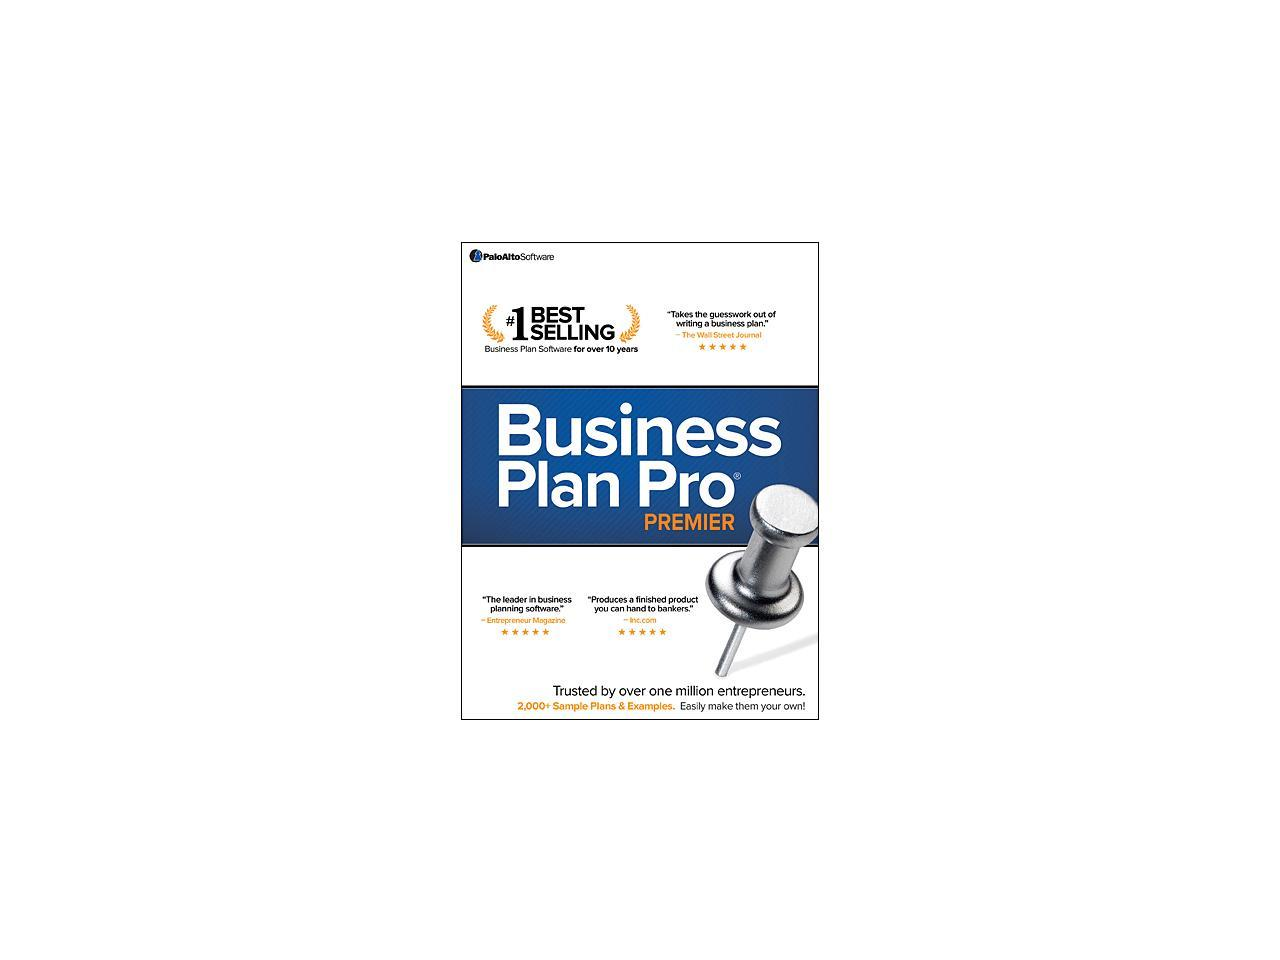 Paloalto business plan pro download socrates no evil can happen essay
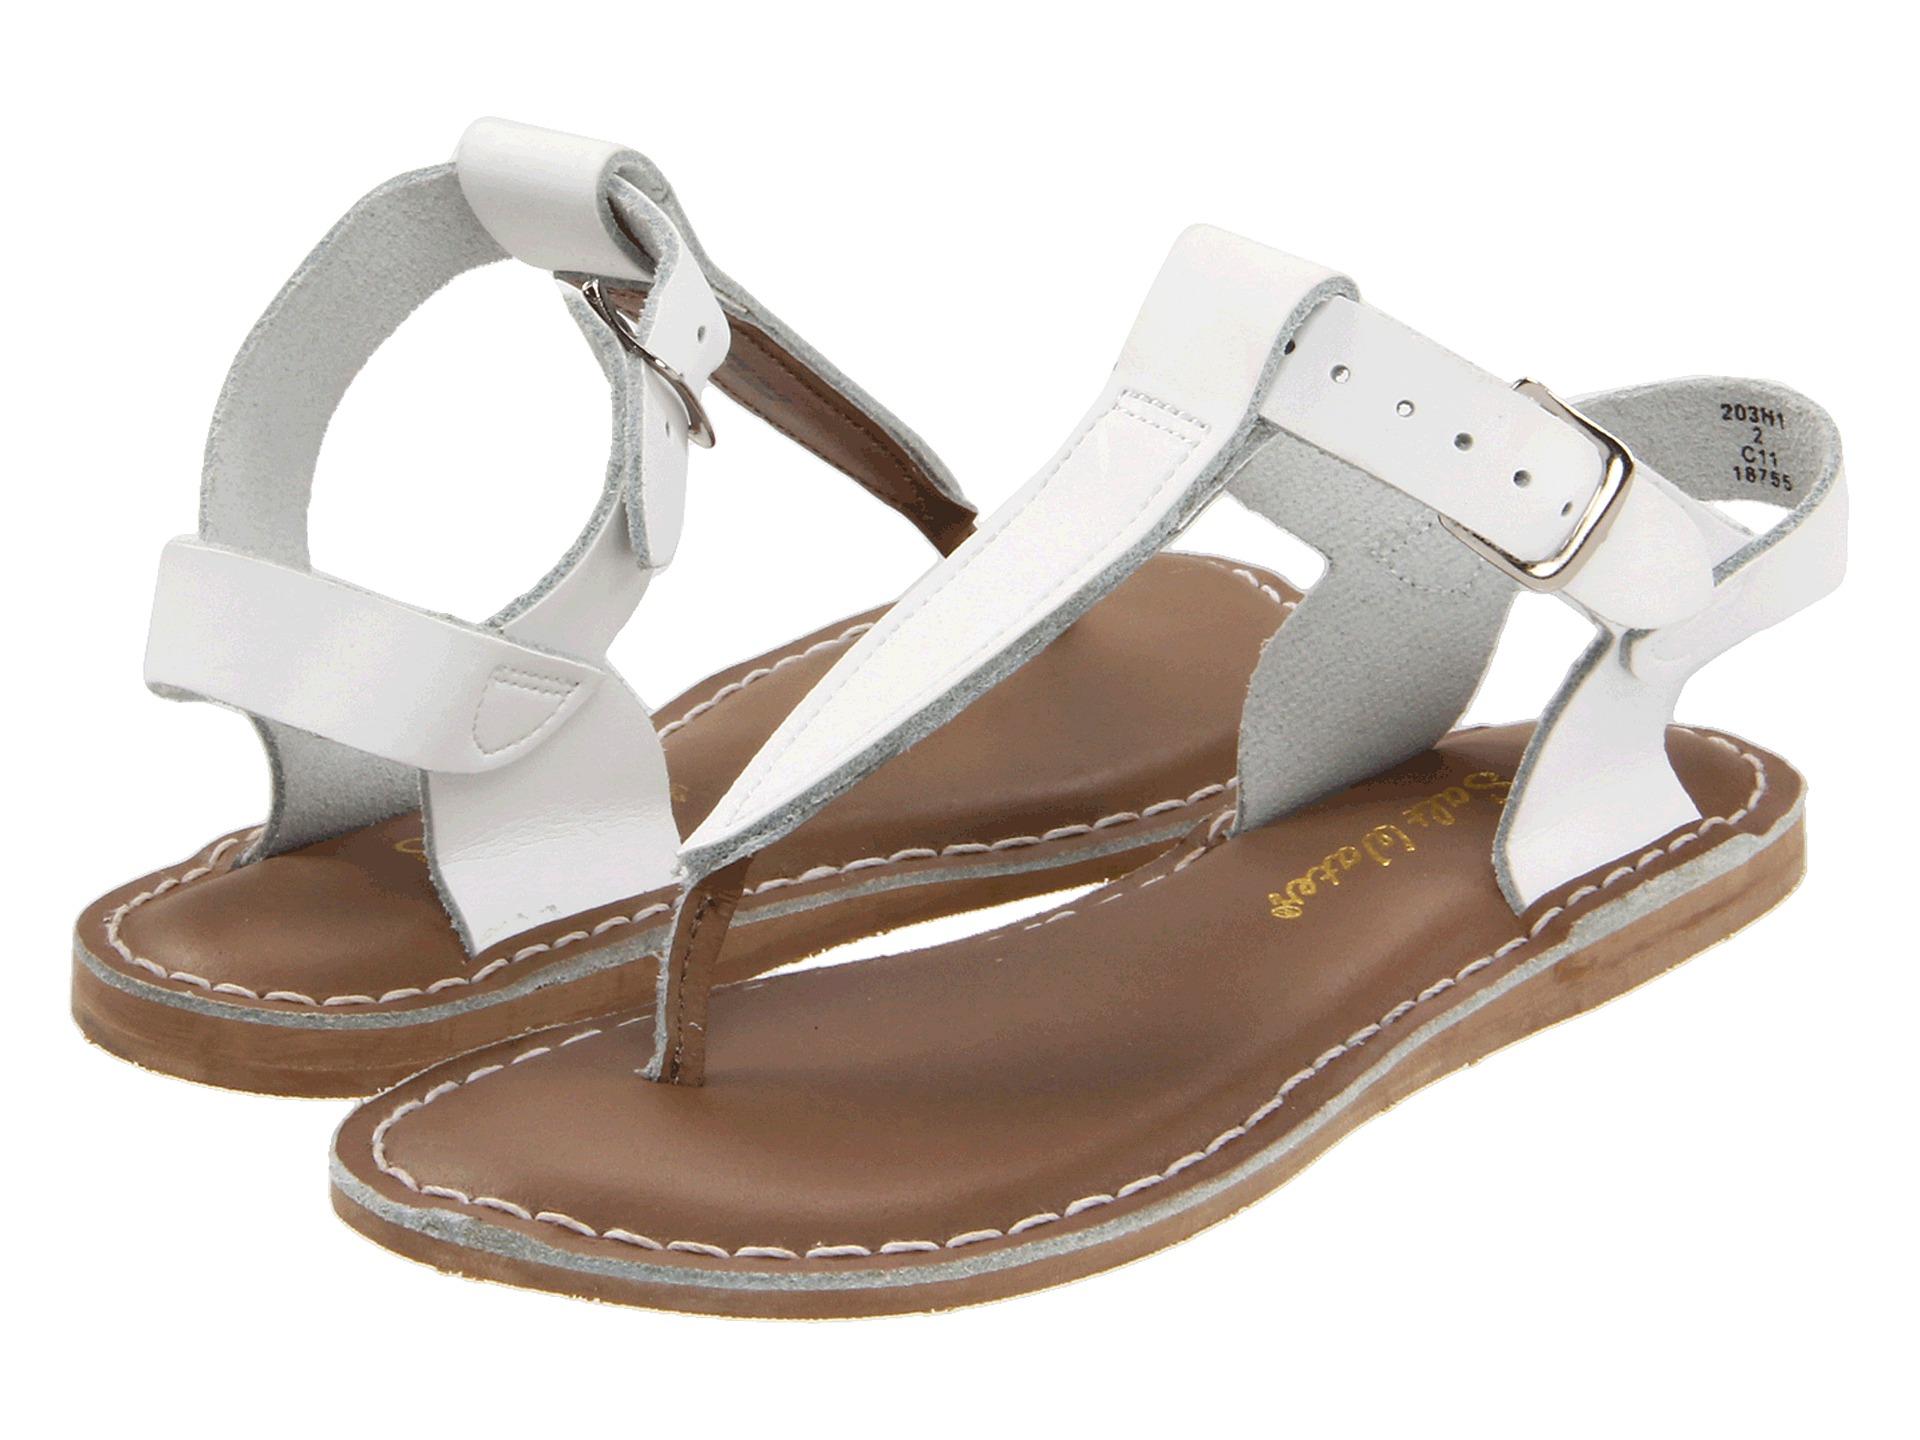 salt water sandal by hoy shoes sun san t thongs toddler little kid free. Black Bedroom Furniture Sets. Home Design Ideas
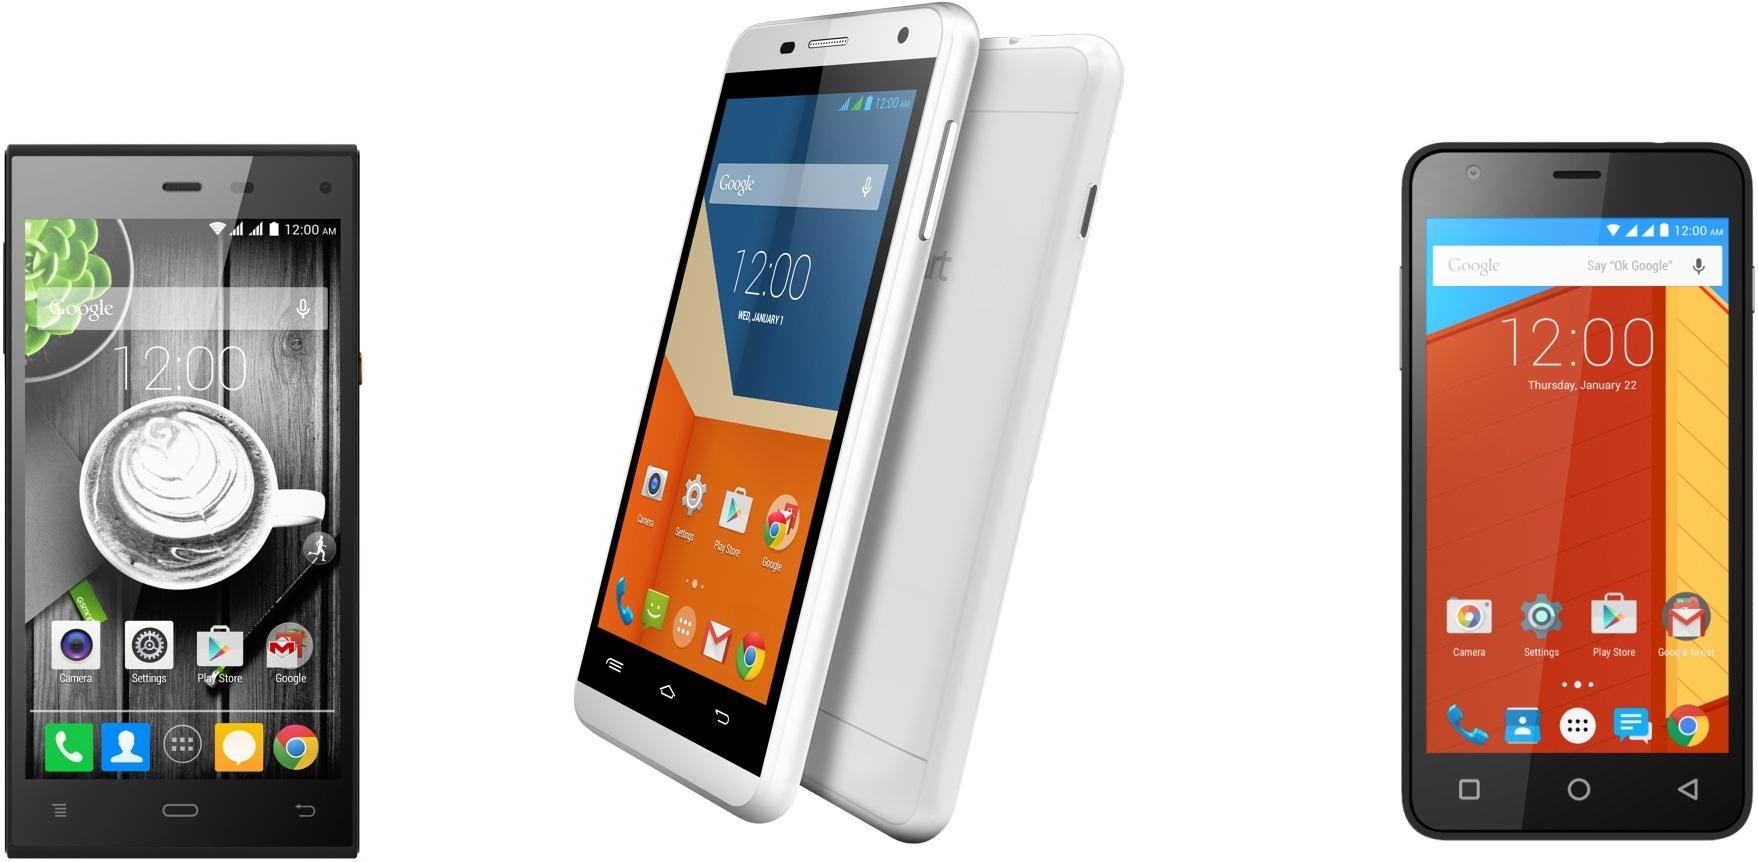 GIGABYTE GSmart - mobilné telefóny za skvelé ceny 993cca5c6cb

════════════════

None of the pictures should be kept; reproduce all the remaining material exactly.

 Paloalto business plan pro download socrates no evil can happen essay
 salt water sandal by hoy shoes sun san t thongs toddler little kid free. Black Bedroom Furniture Sets. Home Design Ideas
 GIGABYTE GSmart - mobilné telefóny za skvelé ceny 993cca5c6cb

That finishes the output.